ACTIVITY: The whole listing, please: repeat it exactly, with the pictures left out.

INFORMATION PROVIDED:

※

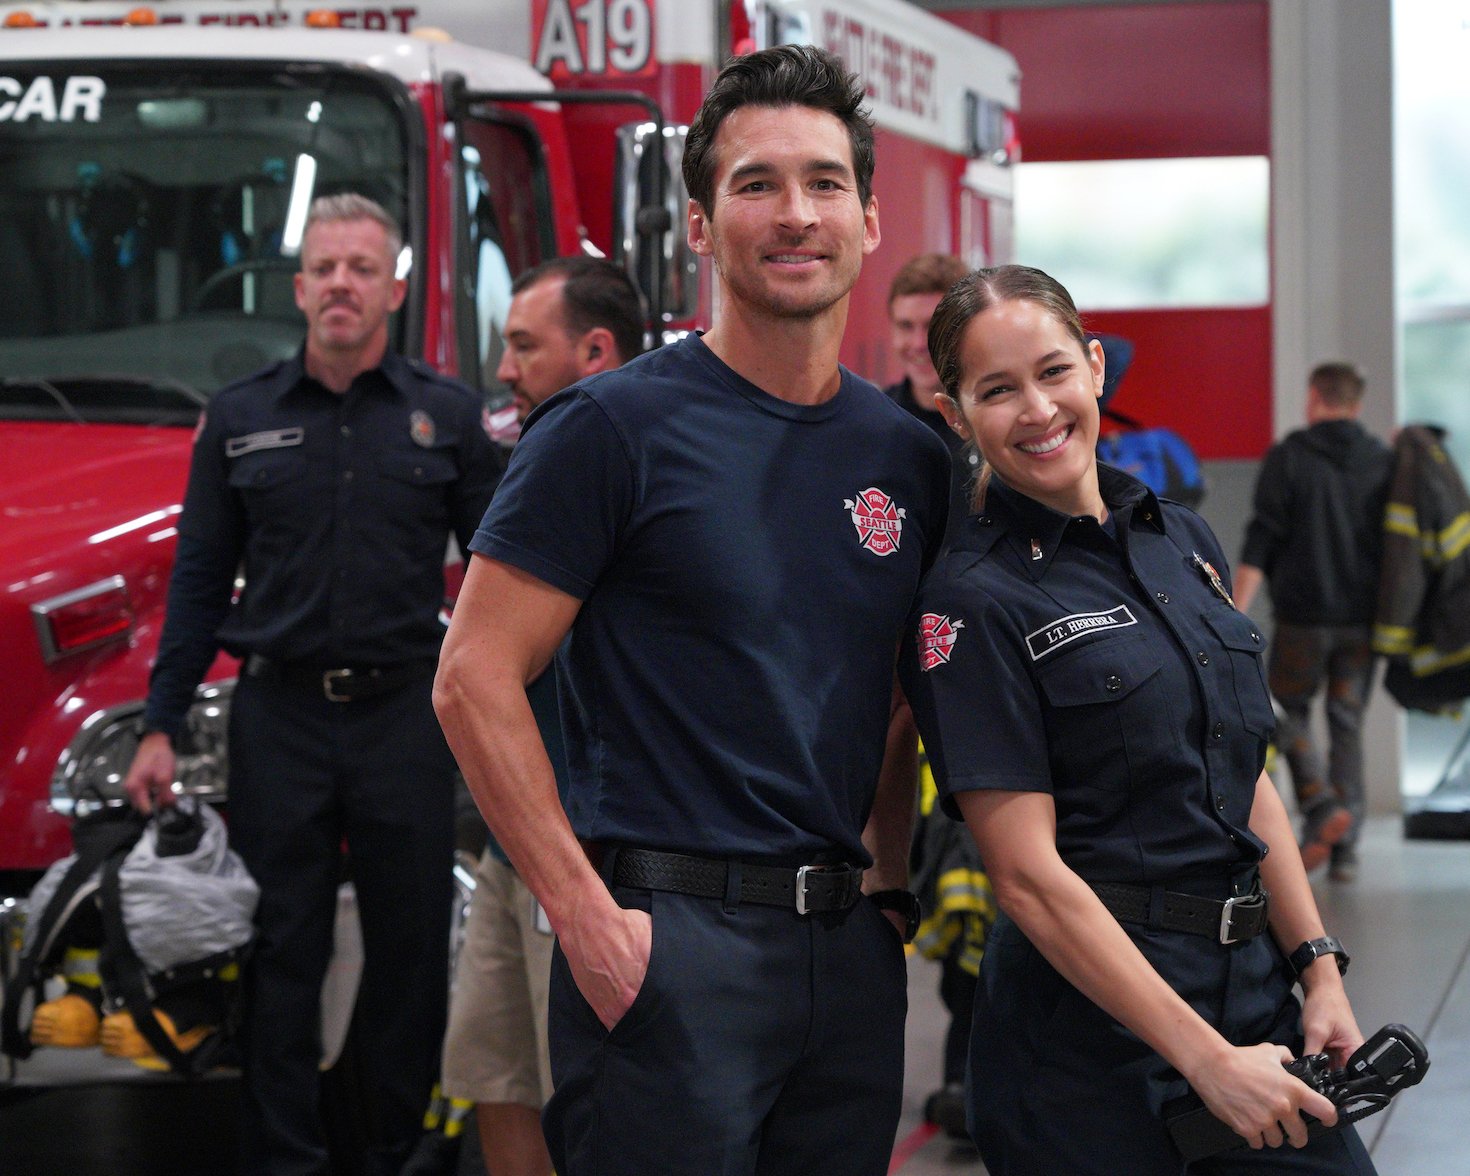 Members of the 'Station 19' cast smiling at the camera with other firefighters and a firetruck behind them. 'Station 19' Season 5 premiere features many of the same cast members
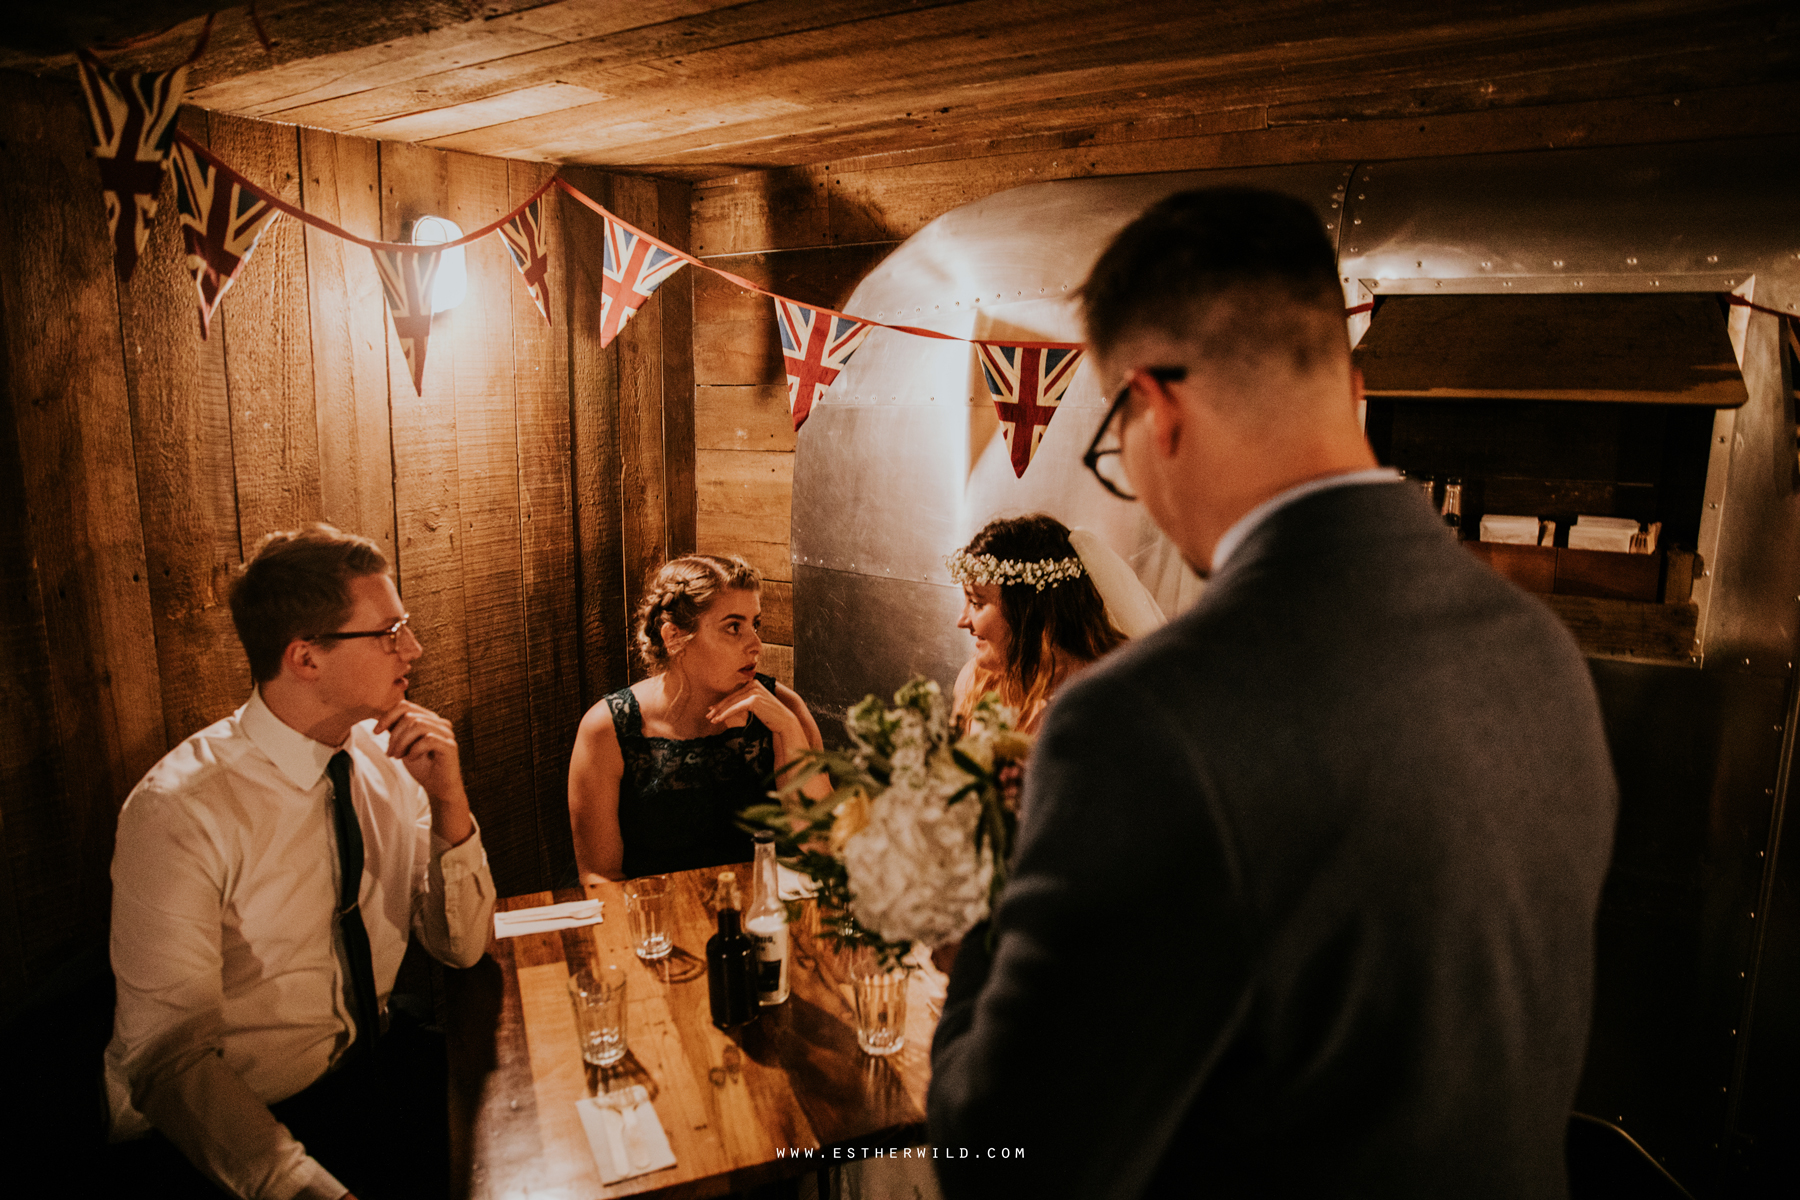 Norwich_Castle_Arcade_Grosvenor_Chip_Birdcage_Cathedral_Cloisters_Refectory_Wedding_Photography_Esther_Wild_Photographer_Norfolk_Kings_Lynn_3R8A1385.jpg
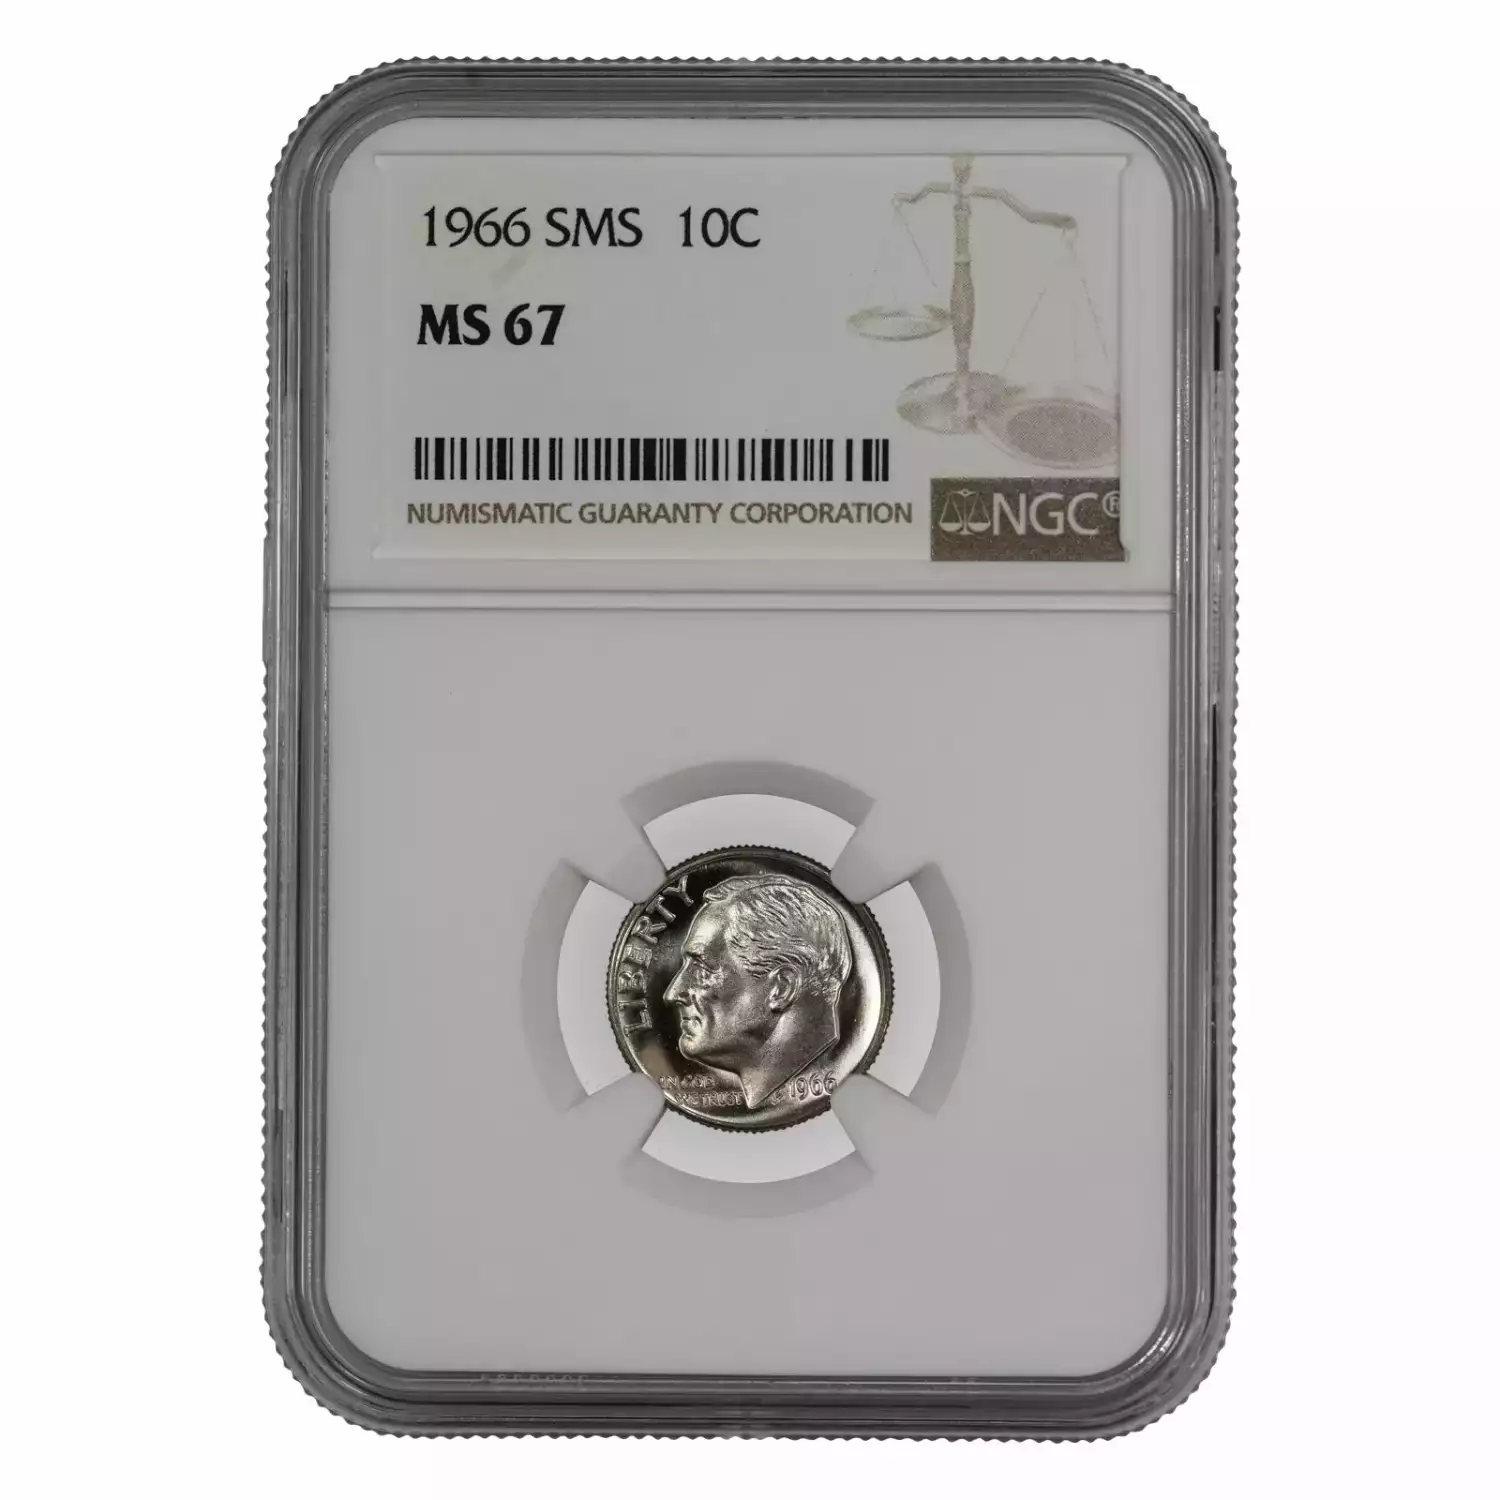 1966 SMS ROOSEVELT DIME 10C NGC CERTIFIED MS 67

※

OUTPUT OF THE TASK:
 Members of the 'Station 19' cast smiling at the camera with other firefighters and a firetruck behind them. 'Station 19' Season 5 premiere features many of the same cast members
 Norwich_Castle_Arcade_Grosvenor_Chip_Birdcage_Cathedral_Cloisters_Refectory_Wedding_Photography_Esther_Wild_Photographer_Norfolk_Kings_Lynn_3R8A1385.jpg
 1966 SMS ROOSEVELT DIME 10C NGC CERTIFIED MS 67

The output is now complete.